How gradient of a function be perpendicular to the surface?

Question

Suppose we have $\phi (x,y,z) = c$ here c is a constant and $\phi (x,y,z)$ is a surface . Now we take differential of both sides and say $d\phi = \nabla \phi . dr$ =0. Now i say how can i prove this that $\nabla \phi $ is perpendicular to dr or the unit vectors of the surface ? As $\nabla \phi$ is also zero (if we take partial of the both sides of the very first equation. Then gradient of $\phi $ is zero as well.

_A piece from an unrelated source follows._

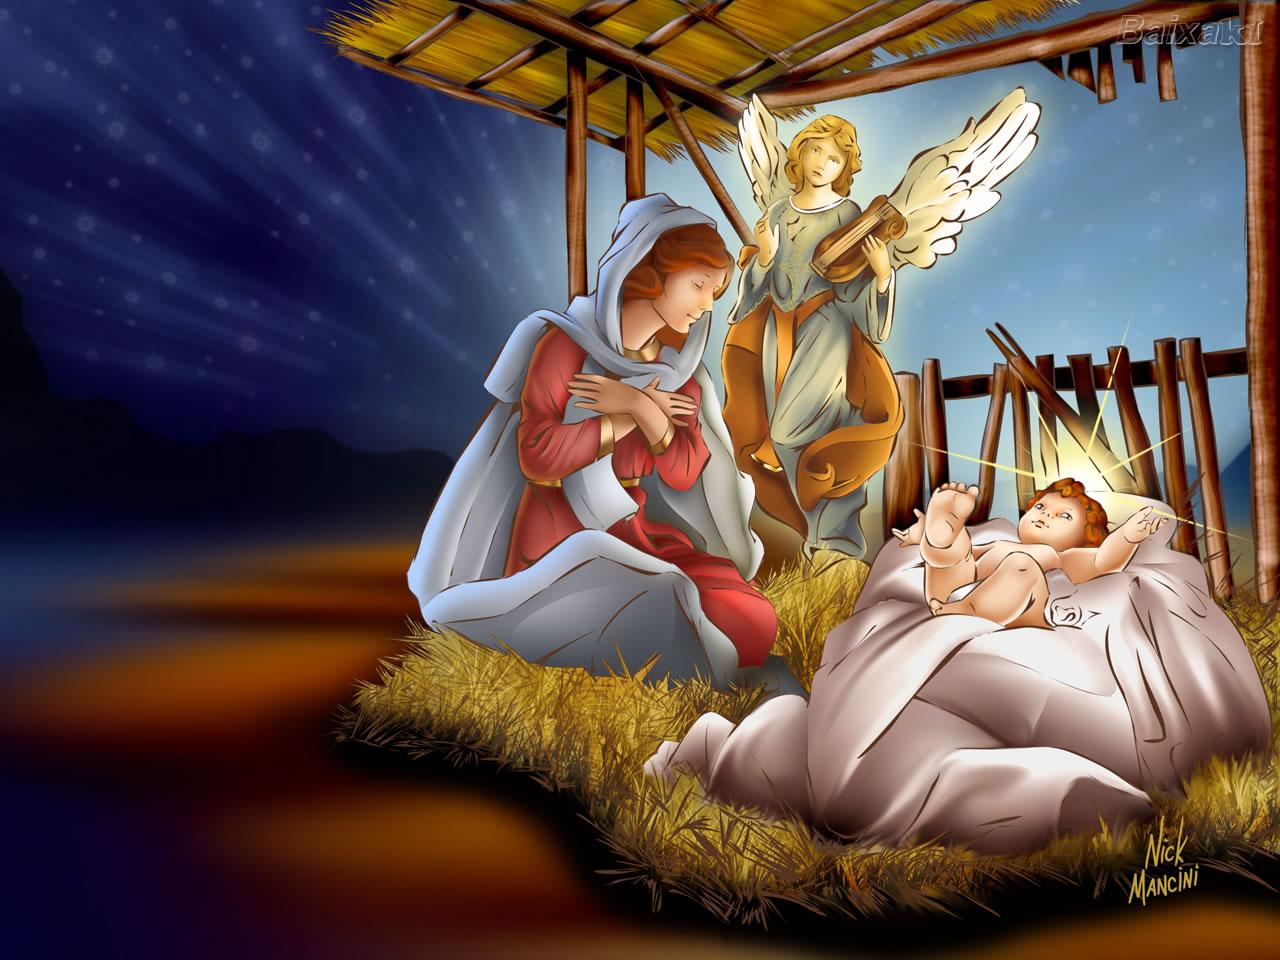 http://4.bp.blogspot.com/-_gx4oBwRYeU/Tt4V1iTiUJI/AAAAAAAAAJM/g3S46AVD5XM/s1600/papel-de-parede-natal-menino-Jesus.jpg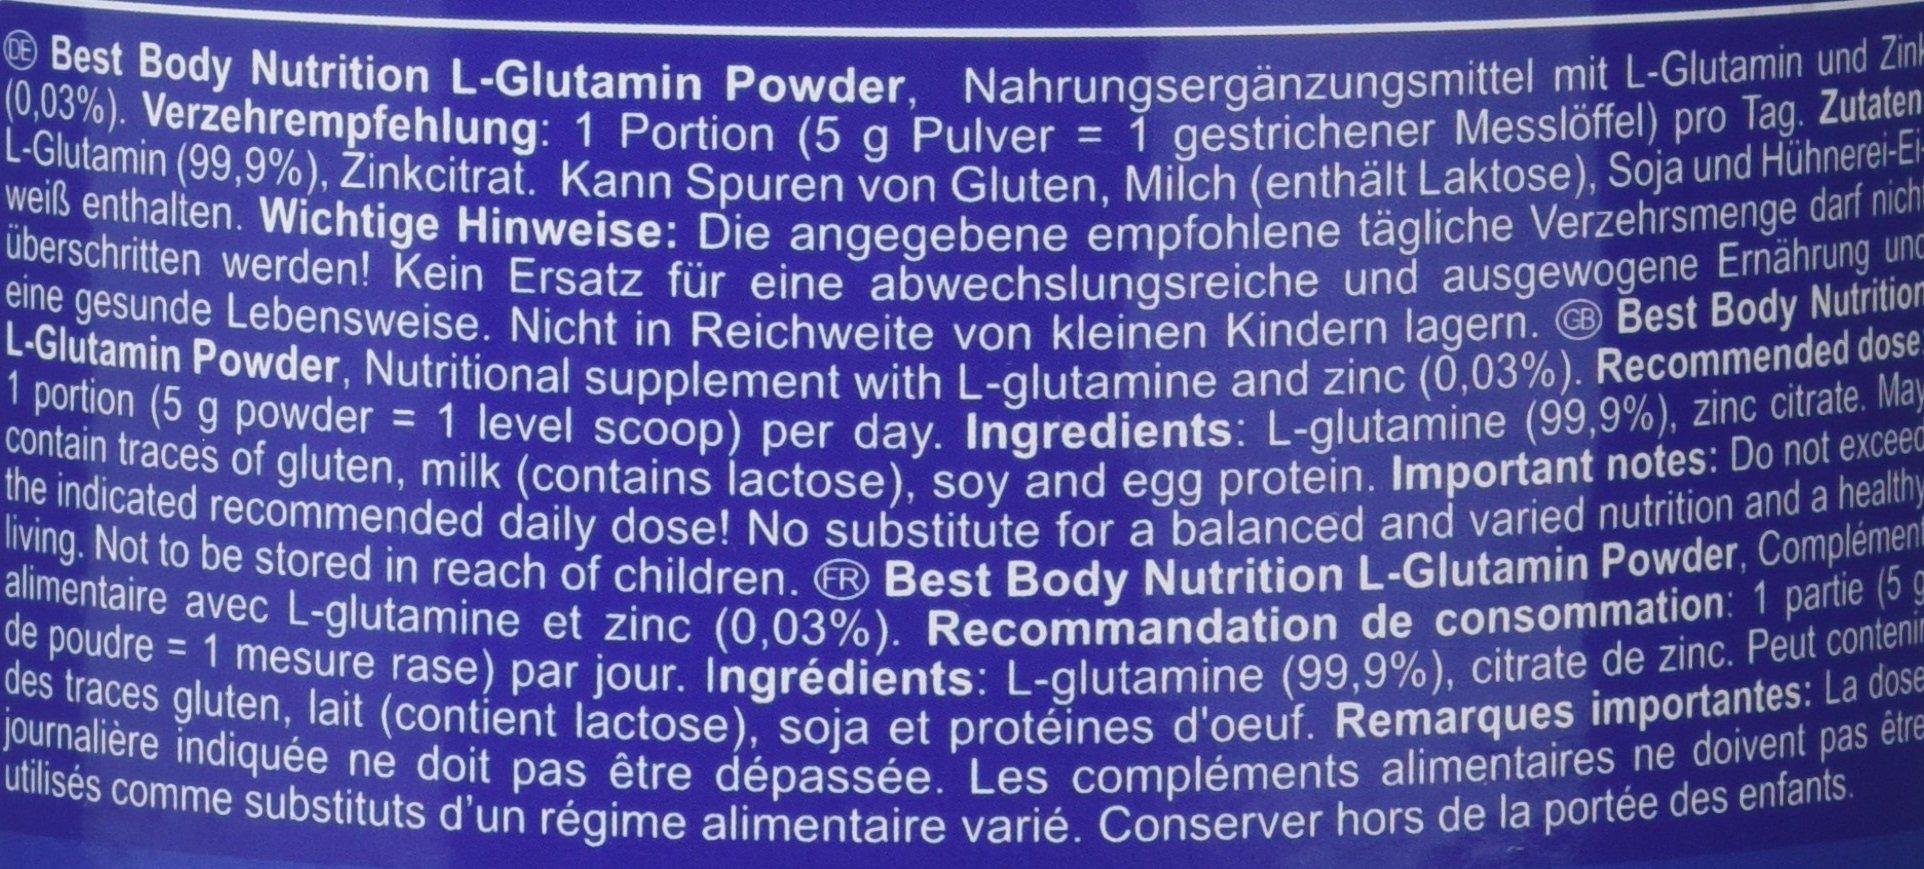 81706PKSOIL - Best Body Nutrition Amino Acids L-Glutamine Powder - 250g, 250g

How can we conclude that $\nabla \phi$ is perpendicular to unit vector of $\phi$ ? If gradient can be zero as well the dot product then also can be zero . Where am i wrong?

Answer 1

This follows from the definition of derivative as a linear transformation, together with the dot product:

assuming that $\phi$ is differentiable at $(x,y,z),$ we have

$D\phi(xy,z):\mathbb R^3\to \mathbb R:(r_1,r_2,r_3)\to$

$\frac{\partial \phi}{\partial x}(x,y,z)r_1+\frac{\partial \phi}{\partial x}(x,y,z)r_2+\frac{\partial \phi}{\partial x}(x,y,z)r_3=$

$\nabla(x,y,z)\cdot (r_1,r_2,r_3)$, using the defintion of the dot product.

Now the right hand side of your equation is $c$, and so its derivtative is zero.

Therefore, $\nabla(x,y,z)\cdot (r_1,r_2,r_3)=0$, which means that $\nabla(x,y,z)\perp (r_1,r_2,r_3)$, using the fact that in general, $\vec u\perp \vec v=0\Leftrightarrow \vec u\cdot \vec v=0.$